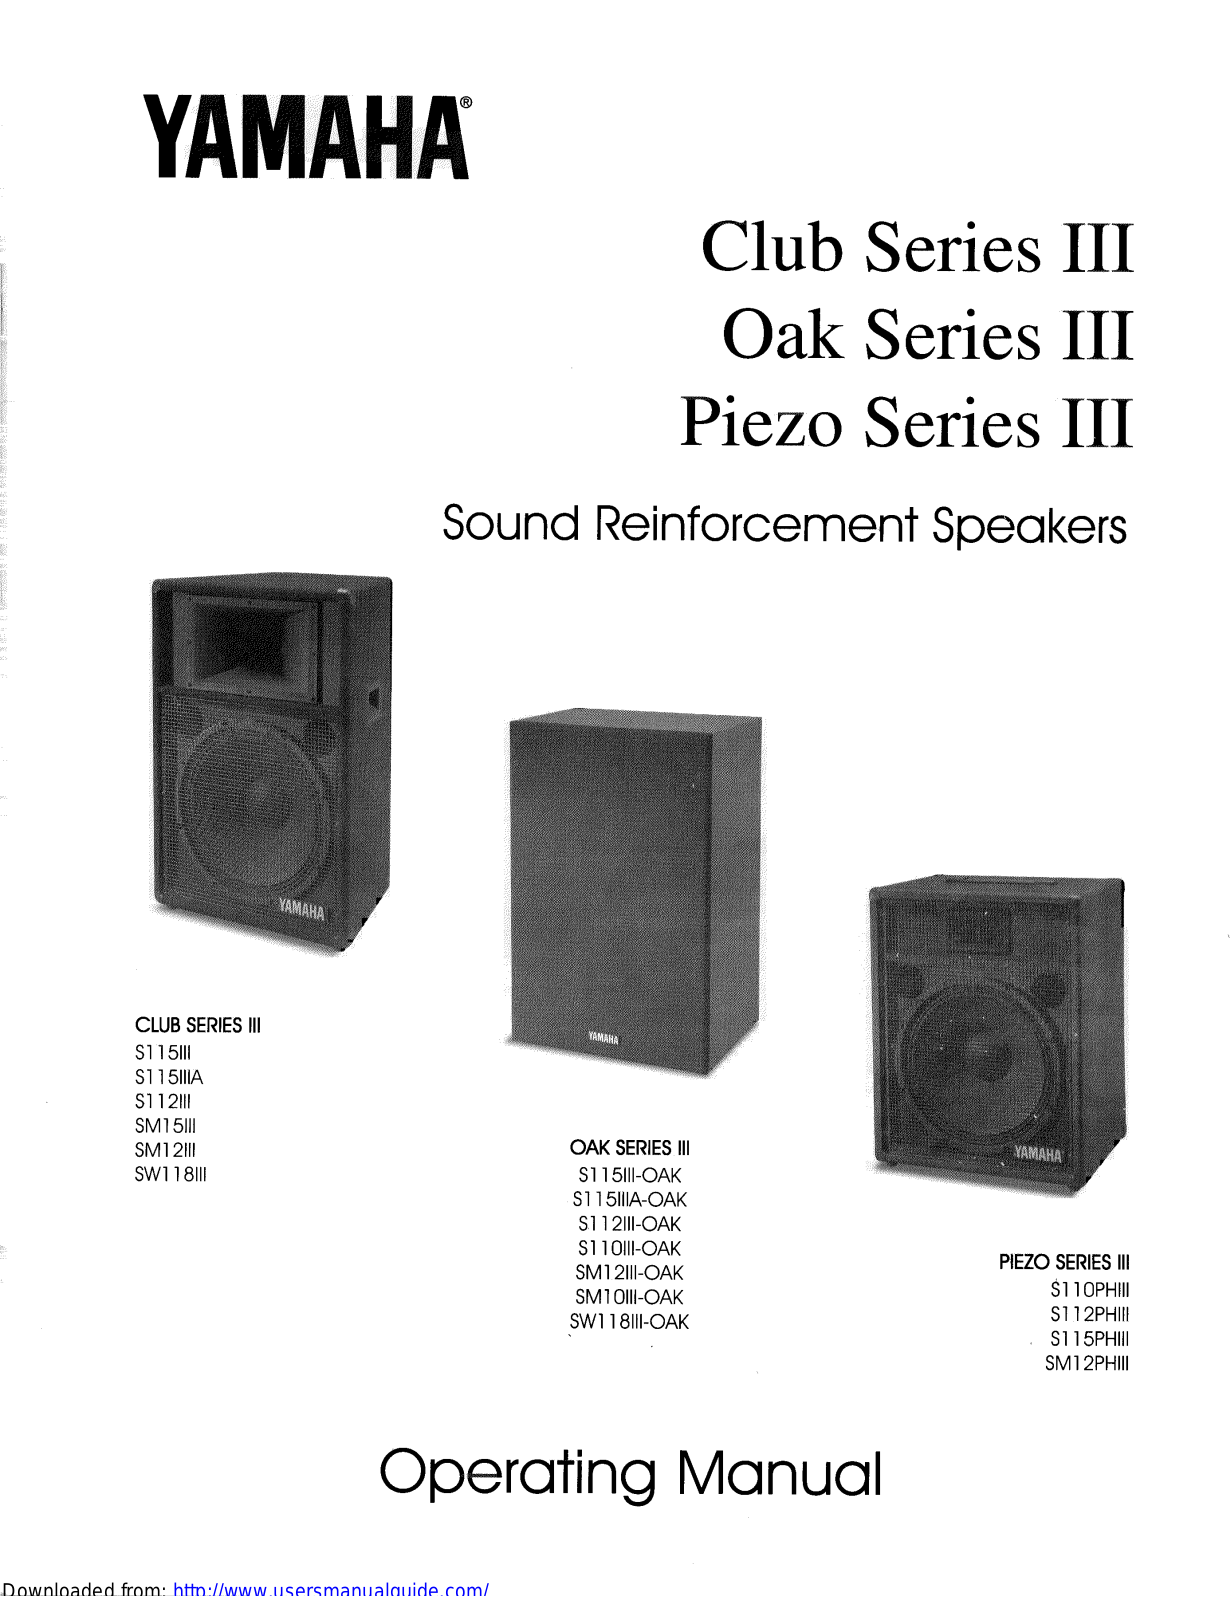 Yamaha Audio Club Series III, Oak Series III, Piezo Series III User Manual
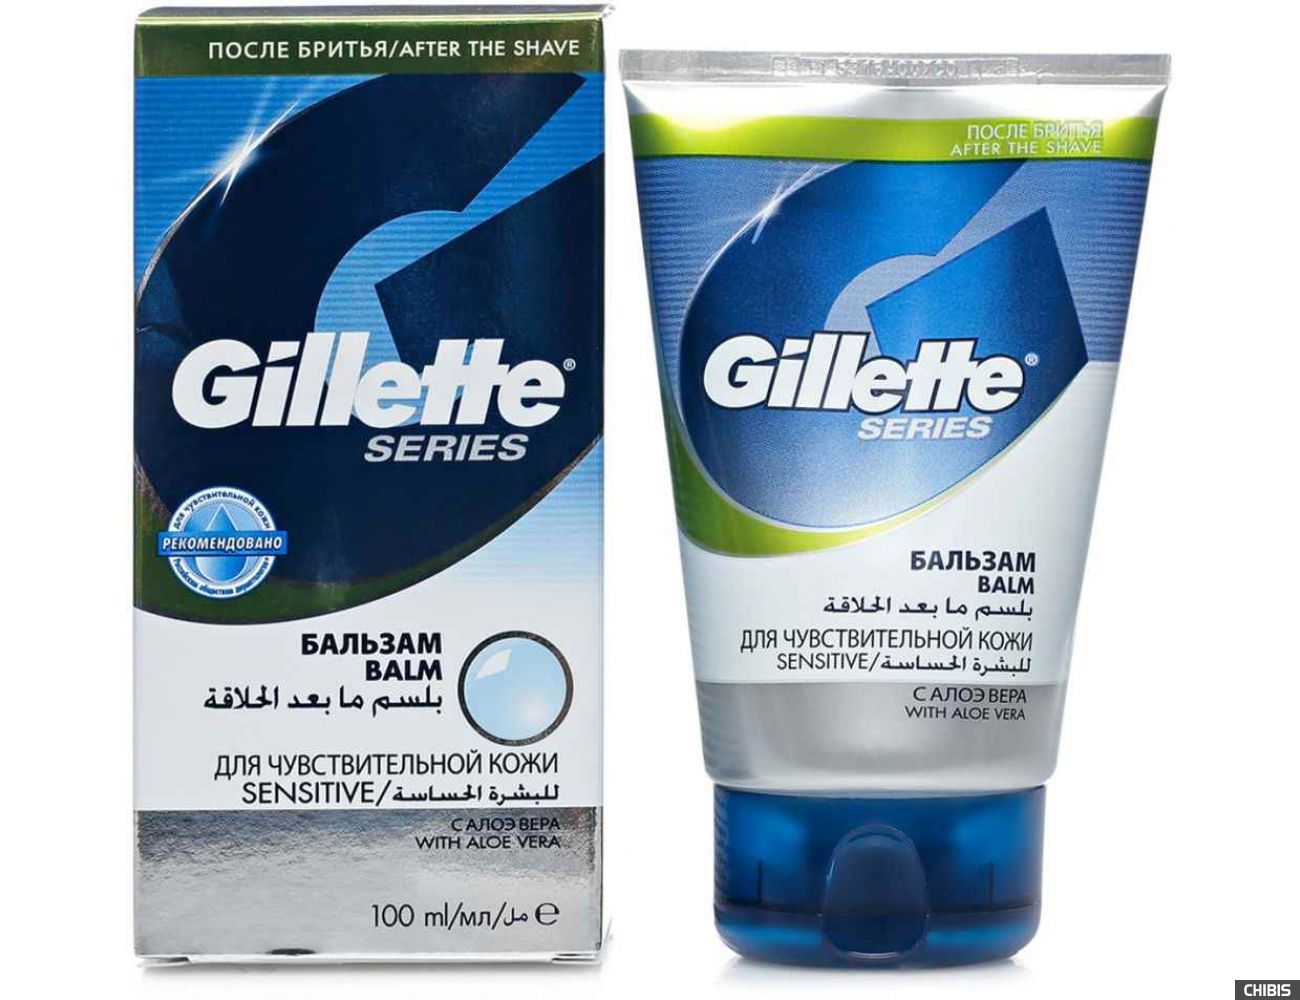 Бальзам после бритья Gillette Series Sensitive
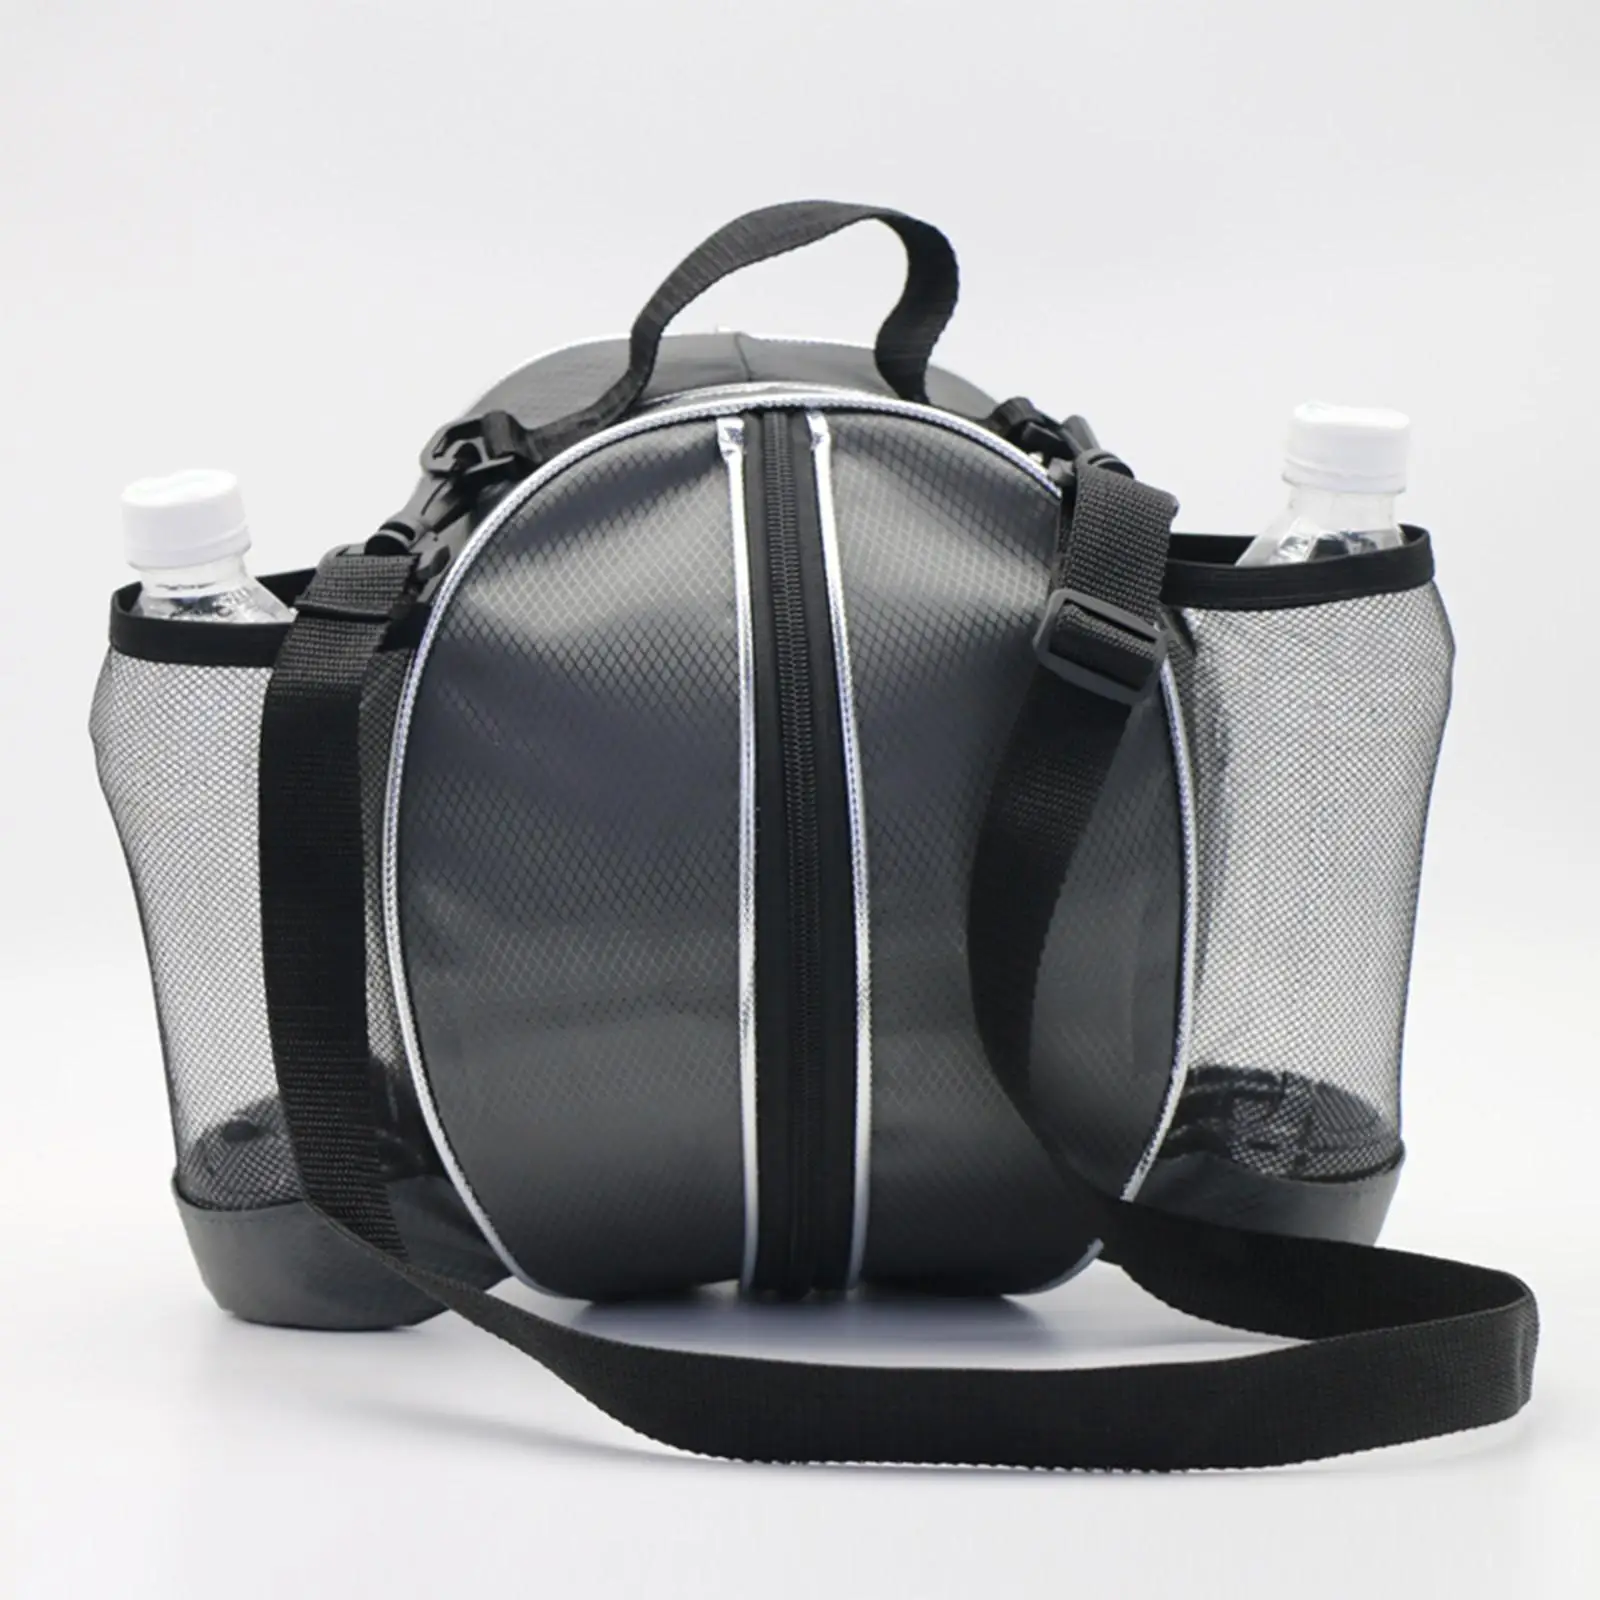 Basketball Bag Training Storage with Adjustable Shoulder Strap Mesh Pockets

========

WORK ORDER
Any picture in the listing above gets left out; output the rest exactly.

ANSWER SECTION
 Yamaha Audio Club Series III, Oak Series III, Piezo Series III User Manual
 Бальзам после бритья Gillette Series Sensitive
 Basketball Bag Training Storage with Adjustable Shoulder Strap Mesh Pockets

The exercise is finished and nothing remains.